Un modello perdente

Purtroppo in Italia è ancora molto diffuso il modello di pianificazione urbanistica che massimizza l’uso della strada (ovvero l’80% dello spazio pubblico nelle nostre città) a favore dell’automobile, riducendo sempre di più lo spazio per gli altri utenti e le altre funzioni.

L’obiettivo di questo modello è la fluidificazione del traffico tramite la separazione dei flussi, progettando strade divise per corridoi (quello veicolare e quello per la sosta sempre presenti, quello dei marciapiedi o del verde se lo spazio rimasto lo consente). Pedoni e ciclisti devono interrompere il meno possibile il flusso del traffico e nascono così strettoie, sovrappassi, sottopassi pedonali ed altre barriere architettoniche

Le conseguenze di questo tipo di soluzione sono tutti i giorni davanti ai nostri occhi. Il record di auto per abitante che il nostro paese detiene a livello europeo, si traduce nell’occupazione di ogni spazio disponibile per la sosta legale e troppo frequentemente illegale (e molto raramente sanzionata). Le auto in doppia fila, parcheggiate sul marciapiede, sulle strisce pedonali, in corrispondenza degli scivoli per disabili, sono purtroppo per noi italiani normalità al punto che abbiamo accettato socialmente l’illegalità della sosta.

A Milano lo spazio occupato ogni giorno da auto e moto in divieto di sosta è pari a 65 ettari (come i parchi Sempione, Montanelli, Basiliche, Ravizza e Guastalla messi insieme). Secondo una recente ricerca europea, l’automobile rimane ferma il 92% del tempo ad occupare 10 mq di spazio pubblico. Uno spazio che nelle nostre città rappresenta una risorsa scarsa e che viene quindi sottratto ad usi decisamente più importanti e preziosi della semplice sosta di un veicolo. 

Questo dato conferma l’importanza della gestione della sosta per migliorare la qualità urbana disincentivando l’uso dell’auto privata a favore della mobilità attiva e dell’uso dei mezzi pubblici. Ma in Italia sembra essere un tema che nessuna amministrazione, indipendente dal colore politico, ha la forza o la volontà di affrontare. 

Parlare di mobilità sostenibile significa non poter più rimandare la questione della gestione della sosta su strada nelle nostre città. La stessa ricerca europea ci ricorda inoltre che il 40% dei percorsi effettuati in auto nelle nostre città è inferiore a 3 Km, il 60% inferiore a 5 Km. Facciamo spesso un uso inutile dell’automobile, per tragitti che sono assolutamente più efficienti e rapidi in bicicletta o addirittura a piedi

Le conseguenze di tale uso eccessivo del veicolo privato sono evidenti nella congestione che caratterizza la gran parte delle città italiane nelle ore di punta. Secondo una ricerca del gennaio 2020 che analizza il trend della congestione urbana in 200 città di 38 paesi, le città italiane sono quelle in cui si perdono più ore nel traffico, con Roma seconda solo a Bogotà e Milano settima.
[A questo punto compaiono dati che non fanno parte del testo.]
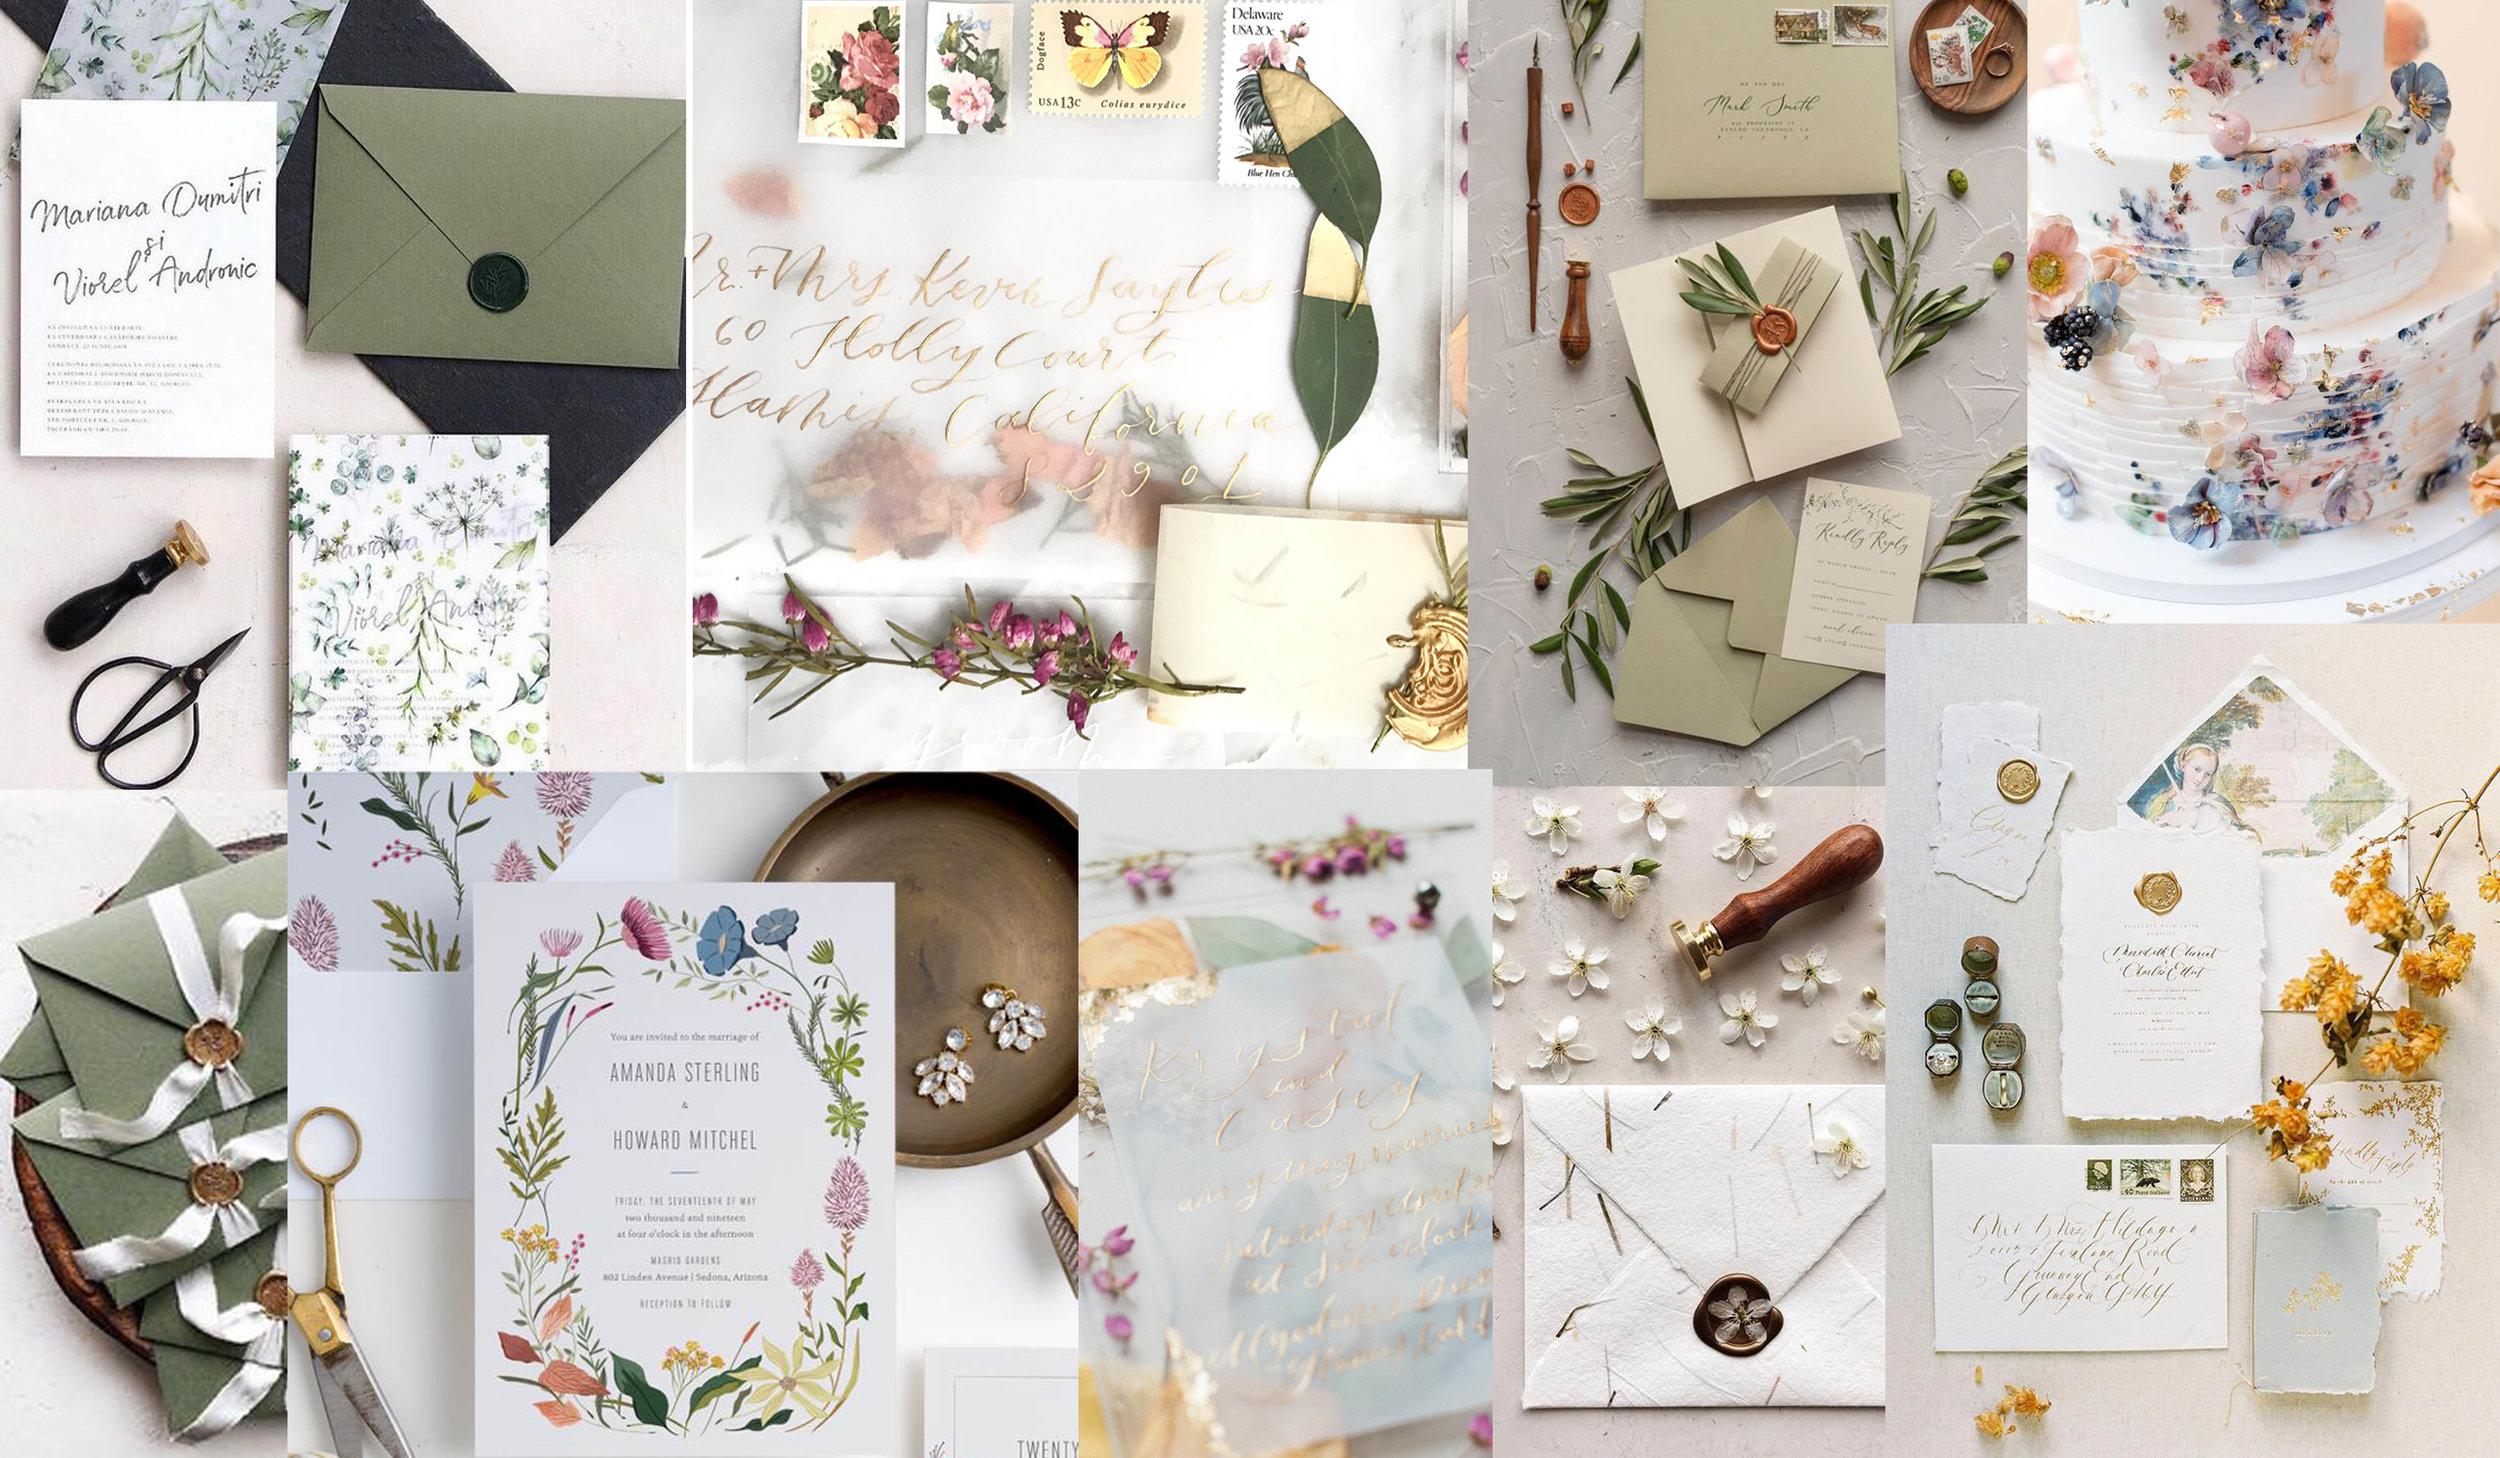 Margaery Tyrell Game of Thrones Highgarden Wedding Invitations
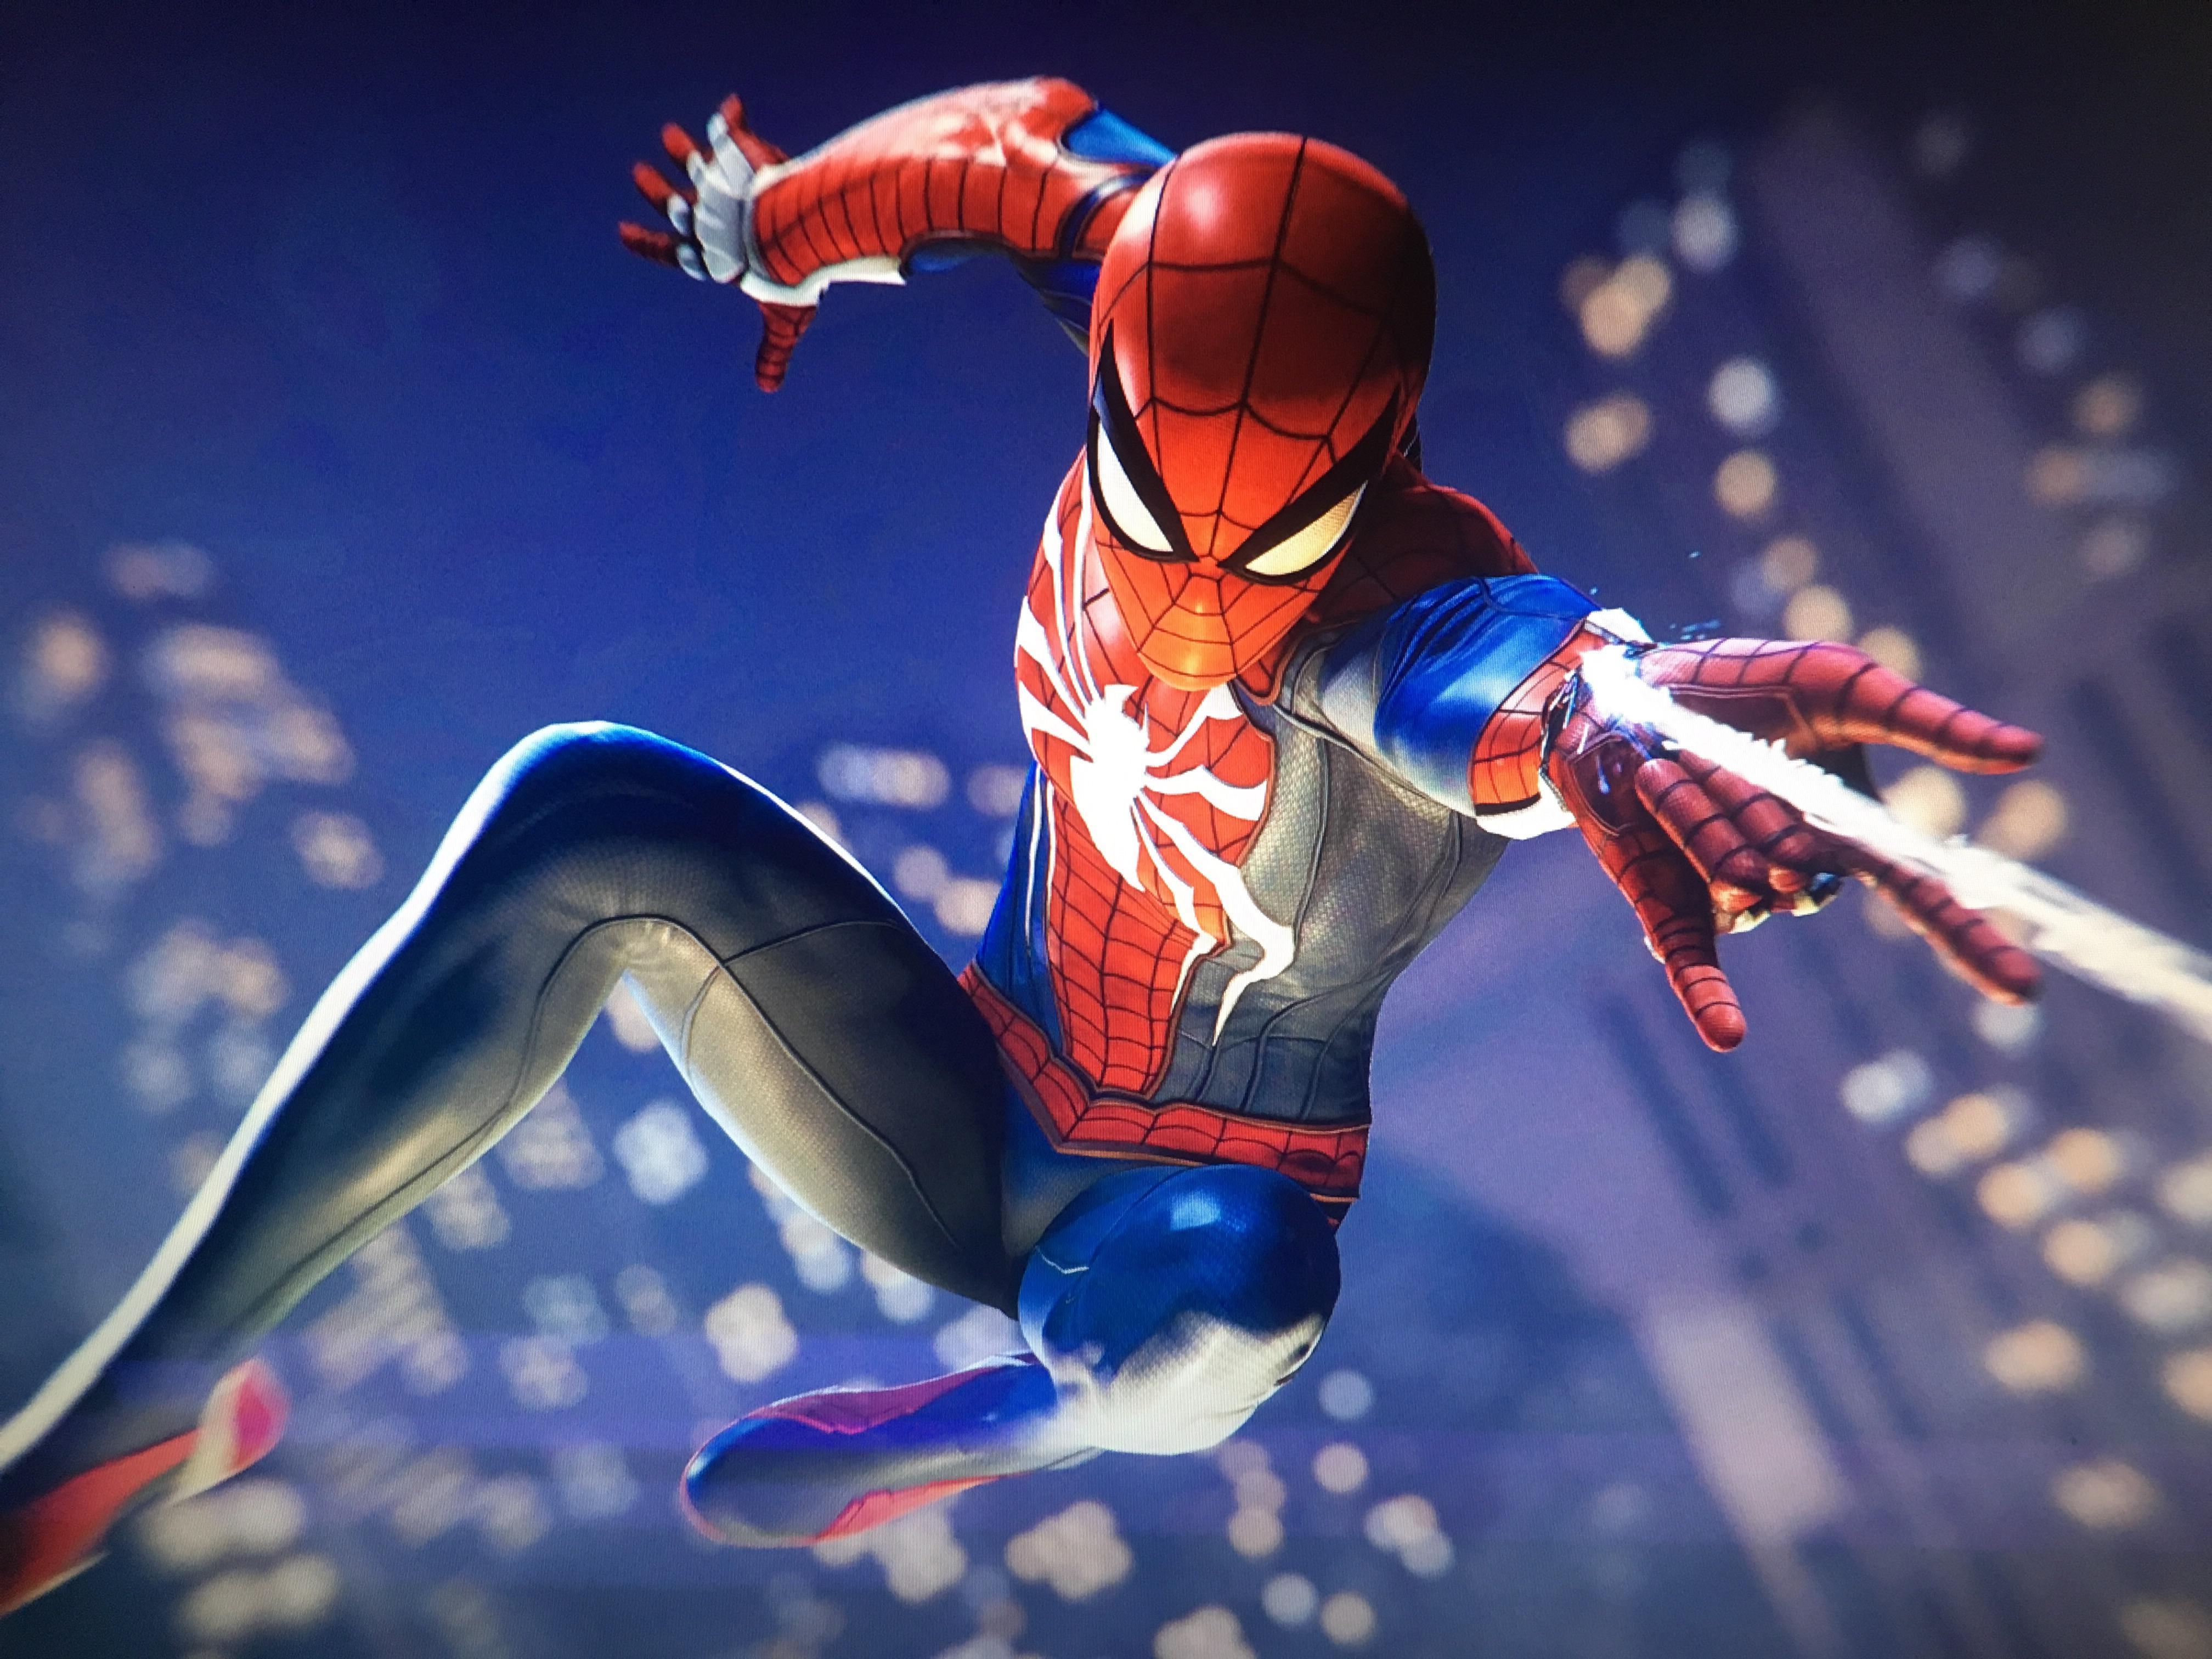 Marvel Spider-Man Wallpapers - Wallpaper Cave

Ridurre o eliminare tale uso inappropriato dell’automobile vuol dire quindi non solo ridurre tale congestione a favore di una mobilità urbana più efficiente, favorendo di conseguenza anche il trasporto pubblico, ma anche favorire chi l’automobile è costretto ad usarla (perché effettua tragitti più lunghi, perché trasporta persone o merci o per qualsiasi altro motivo).

Le città italiane sono senza alcun dubbio tra le più belle al mondo, ma le troppe automobili e l’uso eccessivo del veicolo privato ne pregiudicano in maniera evidente la qualità e la vivibilità. Quante delle nostre piazze storiche sono state trasformate in parcheggio perdendo la funzione per cui sono state realizzate? Il vocabolario Treccani definisce la piazza come “Area libera, più o meno spaziosa … che, limitata da costruzioni, spesso architettonicamente importanti, e abbellita talvolta da giardini, monumenti, fontane, ha la funzione urbanistica di facilitare il movimento, di dare accesso a edifici pubblici, di servire da luogo di ritrovo e di riunione dei cittadini, costituendo non di rado il centro della vita economica e politica della città o del paese”.

Questi gli argomenti e i dati (non opinioni, su cui basiamo purtroppo troppo spesso la pianificazione della mobilità in Italia) dimostrano che oggi la soluzione della separazione dei flussi e della fluidificazione del traffico, del linguaggio progettuale autocentrico e della massimizzazione dello spazio pubblico per il traffico veicolare non può che essere considerata perdente.